If you have built in all the required components, the kernel should recognize your adapter and drive at boot time. If you are using a loadable module for your driver, the following discussion applies once that module is loaded.
For the most part, the SCSI and parallel versions of the drive behave identically, except that the parallel version is somewhat slower.
Once you know the drive name for your ZIP drive, you are set. You can
manipulate the drive with the normal Linux disk management commands.
fdisk
(or perhaps cfdisk
) is used to manipulate the partition tables
on the disk. mke2fs
can be used to format a partition with the ext2
filesystem - the one most commonly used in Linux. mount
is used to
connect a formatted partition into your directory hierarchy.
You should study the manual pages for these tools if you are not
familiar with them. Be warned that there are now several quite
different versions of the fdisk
program - be careful.
I'll describe two common scenarios.
If you have a ZIP disk with a DOS file structure that was originally
created by Iomega's tools, the partition scan should say that the disk
has one partition, /dev/sda4
.
You should make a place to mount the disk, lets say /zip
, and then
mount it as an MS-DOS filesystem:
mkdir /zip
mount -t vfat /dev/sda4 /zip
You could also use msdos instead of vfat. vfat supports long filenames where msdos does not. Now, the files on the disk should appear in /zip. While the disk is mounted, you will not be able to remove it. When you are finished with the disk you can umount it to release it and detach it from your directory hierarchy.
umount /zip
Once you've made the /zip mount point - you don't need to do it again, so you could come back later and mount something else there.

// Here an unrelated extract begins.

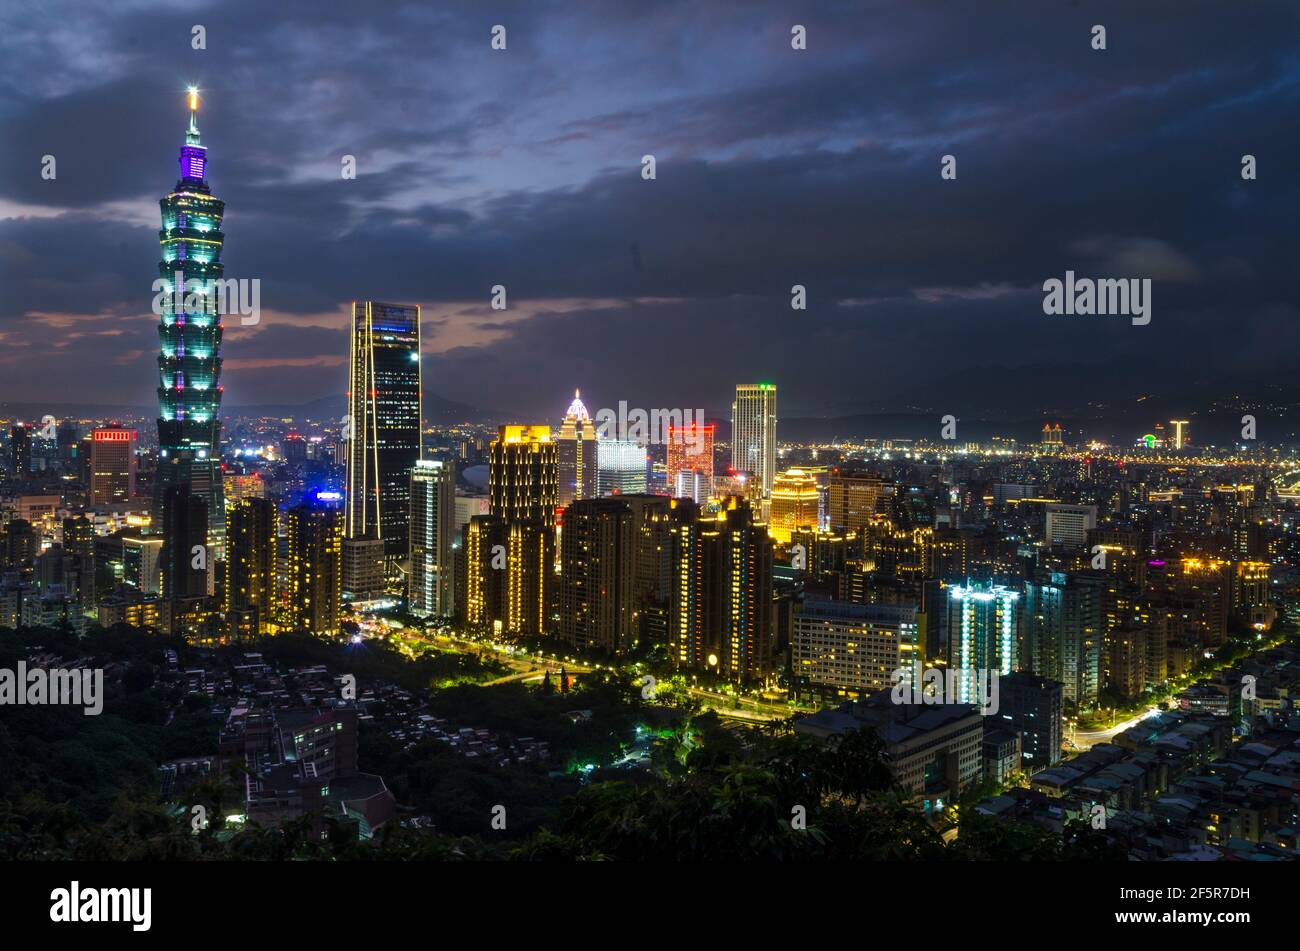 Notte giù città illuminata da luci colorate. Foto Stock

If you want to erase a ZIP disk and make a Linux native file system on it. You should use fdisk on the entire disk:
fdisk /dev/sda
and delete any existing partitions (with the d
command). Then create
a new partition with the n
command, make it primary partition number
1, use w
to write the partition table to disk, and quit with
q
.
Format the partition
mke2fs /dev/sda1
(The 1 is the number that you gave this partition in fdisk
). Now you
can mount the disk:
mount -t ext2 /dev/sda1 /zip
(re-using that mount point we created before).
The /etc/fstab allows you to configure the mount command. I like to be able to mount and write to the zip disk from any login id on the system. I added 2 lines to the end of the fstab file that look like this.
/dev/sda1 /zip ext2 noauto,rw,user,nosuid,sync /dev/sda4 /zipdos vfat noauto,rw,user,nosuid,sync,mode=0777
These entries assume that you have a /zip and a /zipdos directory. If you want all users ids to read and write, make sure you set the permissions. For exmaple chmod 666 /zip . You must do the chmod as root. The fstab entries also assume that your dos disks are partitioned as 4 (sda4 in my case), and the ext2(linux) disks are partitoned as 1 (sda1). You can read more about the fstab options with man mount
With the fstab entries as above you can mount a dos disk with mount /zipdos If you are using a linux ext2 disk then use the command mount /zip
There is some extra work to be done if you want to use the disk that comes with the ZIP drive. As shipped, the software controlled write protection is enabled. Most people have unlocked the disk under DOS before ever trying to use it with Linux. Linux cannot access a locked disk, and it must be unlocked with Iomega's tools.
A native Linux program to manage the write protection feature, among other things, is expected to be available soon.